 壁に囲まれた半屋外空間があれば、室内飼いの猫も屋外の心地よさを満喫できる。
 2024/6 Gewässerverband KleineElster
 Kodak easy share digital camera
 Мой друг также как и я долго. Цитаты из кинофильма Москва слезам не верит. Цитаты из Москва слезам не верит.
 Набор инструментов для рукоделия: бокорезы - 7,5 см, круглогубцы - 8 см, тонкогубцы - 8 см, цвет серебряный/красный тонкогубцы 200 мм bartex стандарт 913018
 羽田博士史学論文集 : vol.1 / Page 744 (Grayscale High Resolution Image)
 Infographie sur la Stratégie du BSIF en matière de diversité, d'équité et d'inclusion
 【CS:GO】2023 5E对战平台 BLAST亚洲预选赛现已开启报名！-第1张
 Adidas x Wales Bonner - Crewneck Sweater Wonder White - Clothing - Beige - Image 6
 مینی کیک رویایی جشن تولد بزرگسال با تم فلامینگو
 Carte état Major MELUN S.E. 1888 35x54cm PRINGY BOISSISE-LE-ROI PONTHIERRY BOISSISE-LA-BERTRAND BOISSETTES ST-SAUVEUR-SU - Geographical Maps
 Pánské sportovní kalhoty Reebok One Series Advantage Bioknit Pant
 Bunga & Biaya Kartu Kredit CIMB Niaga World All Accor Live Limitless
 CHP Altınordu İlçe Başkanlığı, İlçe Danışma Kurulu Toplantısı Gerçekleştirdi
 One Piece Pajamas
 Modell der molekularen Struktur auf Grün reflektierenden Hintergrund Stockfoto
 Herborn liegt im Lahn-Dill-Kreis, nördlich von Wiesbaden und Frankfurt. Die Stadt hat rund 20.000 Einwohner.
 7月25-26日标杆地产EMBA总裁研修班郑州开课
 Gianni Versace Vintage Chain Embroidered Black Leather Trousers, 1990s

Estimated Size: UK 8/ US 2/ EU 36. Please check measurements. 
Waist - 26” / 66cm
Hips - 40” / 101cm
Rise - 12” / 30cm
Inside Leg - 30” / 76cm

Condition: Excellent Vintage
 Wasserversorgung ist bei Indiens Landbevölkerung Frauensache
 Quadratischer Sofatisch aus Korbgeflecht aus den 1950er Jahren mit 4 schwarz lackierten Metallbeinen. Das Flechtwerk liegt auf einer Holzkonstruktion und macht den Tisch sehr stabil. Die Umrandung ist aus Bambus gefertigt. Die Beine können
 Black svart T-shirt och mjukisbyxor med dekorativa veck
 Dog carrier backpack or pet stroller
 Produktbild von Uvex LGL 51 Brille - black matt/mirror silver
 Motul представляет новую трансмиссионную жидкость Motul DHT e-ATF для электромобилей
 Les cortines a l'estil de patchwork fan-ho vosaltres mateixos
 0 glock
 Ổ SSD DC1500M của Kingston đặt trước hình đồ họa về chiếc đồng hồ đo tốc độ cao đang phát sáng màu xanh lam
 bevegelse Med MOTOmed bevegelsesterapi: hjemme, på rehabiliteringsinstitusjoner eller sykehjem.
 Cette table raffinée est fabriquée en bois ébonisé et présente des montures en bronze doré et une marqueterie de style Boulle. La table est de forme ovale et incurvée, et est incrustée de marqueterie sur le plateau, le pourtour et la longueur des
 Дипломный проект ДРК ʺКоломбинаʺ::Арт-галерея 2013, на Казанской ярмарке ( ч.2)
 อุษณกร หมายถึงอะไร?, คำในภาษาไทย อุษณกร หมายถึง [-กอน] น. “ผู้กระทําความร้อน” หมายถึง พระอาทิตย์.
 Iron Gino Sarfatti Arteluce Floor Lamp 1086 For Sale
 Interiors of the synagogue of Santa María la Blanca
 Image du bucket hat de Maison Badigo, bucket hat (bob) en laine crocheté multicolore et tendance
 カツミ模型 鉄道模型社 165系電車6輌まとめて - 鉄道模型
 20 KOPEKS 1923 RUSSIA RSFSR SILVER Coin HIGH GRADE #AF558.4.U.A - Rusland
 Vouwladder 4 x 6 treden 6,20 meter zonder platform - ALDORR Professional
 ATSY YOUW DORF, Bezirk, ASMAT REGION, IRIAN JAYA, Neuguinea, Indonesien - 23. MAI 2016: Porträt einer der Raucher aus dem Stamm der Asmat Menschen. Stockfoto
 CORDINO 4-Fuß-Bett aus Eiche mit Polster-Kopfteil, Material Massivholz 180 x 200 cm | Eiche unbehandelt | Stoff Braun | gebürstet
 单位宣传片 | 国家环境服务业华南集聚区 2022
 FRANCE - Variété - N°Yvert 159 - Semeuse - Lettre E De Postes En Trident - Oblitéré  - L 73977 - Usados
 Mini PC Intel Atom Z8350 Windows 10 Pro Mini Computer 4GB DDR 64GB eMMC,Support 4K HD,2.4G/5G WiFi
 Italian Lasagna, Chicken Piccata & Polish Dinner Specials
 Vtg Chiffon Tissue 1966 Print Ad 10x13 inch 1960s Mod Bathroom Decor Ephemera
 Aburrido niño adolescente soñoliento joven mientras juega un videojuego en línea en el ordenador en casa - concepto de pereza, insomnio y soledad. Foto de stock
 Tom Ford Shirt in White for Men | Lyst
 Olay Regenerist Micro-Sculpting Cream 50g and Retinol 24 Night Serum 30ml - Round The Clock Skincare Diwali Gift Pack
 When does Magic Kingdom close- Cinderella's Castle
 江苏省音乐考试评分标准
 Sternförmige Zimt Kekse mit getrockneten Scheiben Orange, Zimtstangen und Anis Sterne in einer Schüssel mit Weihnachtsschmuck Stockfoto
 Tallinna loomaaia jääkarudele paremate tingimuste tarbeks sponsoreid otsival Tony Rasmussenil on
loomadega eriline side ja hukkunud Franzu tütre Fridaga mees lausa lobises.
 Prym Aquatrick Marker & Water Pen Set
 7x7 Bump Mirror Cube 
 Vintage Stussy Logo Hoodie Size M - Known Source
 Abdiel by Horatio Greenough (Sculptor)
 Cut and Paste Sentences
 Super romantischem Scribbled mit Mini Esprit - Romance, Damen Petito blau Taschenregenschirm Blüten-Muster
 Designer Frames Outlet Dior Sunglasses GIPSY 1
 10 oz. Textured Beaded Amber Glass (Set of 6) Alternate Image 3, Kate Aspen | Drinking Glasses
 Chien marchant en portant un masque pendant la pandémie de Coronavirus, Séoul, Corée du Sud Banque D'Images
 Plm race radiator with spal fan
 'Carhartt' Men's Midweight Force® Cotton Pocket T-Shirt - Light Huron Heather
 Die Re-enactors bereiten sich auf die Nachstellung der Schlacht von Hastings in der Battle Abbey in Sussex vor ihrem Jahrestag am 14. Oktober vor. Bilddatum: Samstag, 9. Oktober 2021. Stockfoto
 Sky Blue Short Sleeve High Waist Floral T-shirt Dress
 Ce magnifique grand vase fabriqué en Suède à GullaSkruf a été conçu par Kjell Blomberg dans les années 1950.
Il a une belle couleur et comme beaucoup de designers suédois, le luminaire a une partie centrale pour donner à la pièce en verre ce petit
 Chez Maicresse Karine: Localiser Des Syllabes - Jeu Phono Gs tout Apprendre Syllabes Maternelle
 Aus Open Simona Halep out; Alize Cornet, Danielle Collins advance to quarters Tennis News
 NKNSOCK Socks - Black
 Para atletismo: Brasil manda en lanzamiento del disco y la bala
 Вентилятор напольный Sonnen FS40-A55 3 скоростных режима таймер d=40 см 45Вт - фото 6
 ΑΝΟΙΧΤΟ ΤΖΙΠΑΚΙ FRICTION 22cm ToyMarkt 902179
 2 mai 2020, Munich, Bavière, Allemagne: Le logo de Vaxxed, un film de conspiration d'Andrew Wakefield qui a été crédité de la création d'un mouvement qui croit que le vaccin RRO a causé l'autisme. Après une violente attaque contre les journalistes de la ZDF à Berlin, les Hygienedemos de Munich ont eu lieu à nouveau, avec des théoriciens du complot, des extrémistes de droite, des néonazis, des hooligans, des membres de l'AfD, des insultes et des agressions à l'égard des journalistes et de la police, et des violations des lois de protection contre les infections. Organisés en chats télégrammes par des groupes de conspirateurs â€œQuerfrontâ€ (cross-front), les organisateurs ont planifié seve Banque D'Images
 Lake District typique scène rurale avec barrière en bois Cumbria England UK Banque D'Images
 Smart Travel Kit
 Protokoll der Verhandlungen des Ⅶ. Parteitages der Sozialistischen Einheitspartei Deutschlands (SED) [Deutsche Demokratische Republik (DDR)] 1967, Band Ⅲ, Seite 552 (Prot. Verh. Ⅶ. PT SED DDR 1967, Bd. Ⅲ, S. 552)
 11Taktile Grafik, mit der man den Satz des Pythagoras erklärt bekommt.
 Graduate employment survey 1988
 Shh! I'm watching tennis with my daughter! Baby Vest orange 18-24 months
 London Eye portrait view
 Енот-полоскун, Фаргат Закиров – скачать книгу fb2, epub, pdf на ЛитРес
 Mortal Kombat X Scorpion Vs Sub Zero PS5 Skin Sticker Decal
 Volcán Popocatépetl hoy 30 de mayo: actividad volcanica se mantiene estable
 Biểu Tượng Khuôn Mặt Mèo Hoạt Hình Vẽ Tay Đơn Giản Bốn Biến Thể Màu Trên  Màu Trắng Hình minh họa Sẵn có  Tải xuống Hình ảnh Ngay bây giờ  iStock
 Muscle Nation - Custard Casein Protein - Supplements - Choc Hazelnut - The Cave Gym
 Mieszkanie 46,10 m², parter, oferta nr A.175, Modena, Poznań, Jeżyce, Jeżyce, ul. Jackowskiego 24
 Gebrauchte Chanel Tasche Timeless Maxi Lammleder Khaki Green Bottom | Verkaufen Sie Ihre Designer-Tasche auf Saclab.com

━━━━

TASK PROMPT → Quote the data above verbatim from its first line to the line that includes "Мой друг также", with both boundary lines retained.

RESULT BELOW →
 壁に囲まれた半屋外空間があれば、室内飼いの猫も屋外の心地よさを満喫できる。
 2024/6 Gewässerverband KleineElster
 Kodak easy share digital camera
 Мой друг также как и я долго. Цитаты из кинофильма Москва слезам не верит. Цитаты из Москва слезам не верит.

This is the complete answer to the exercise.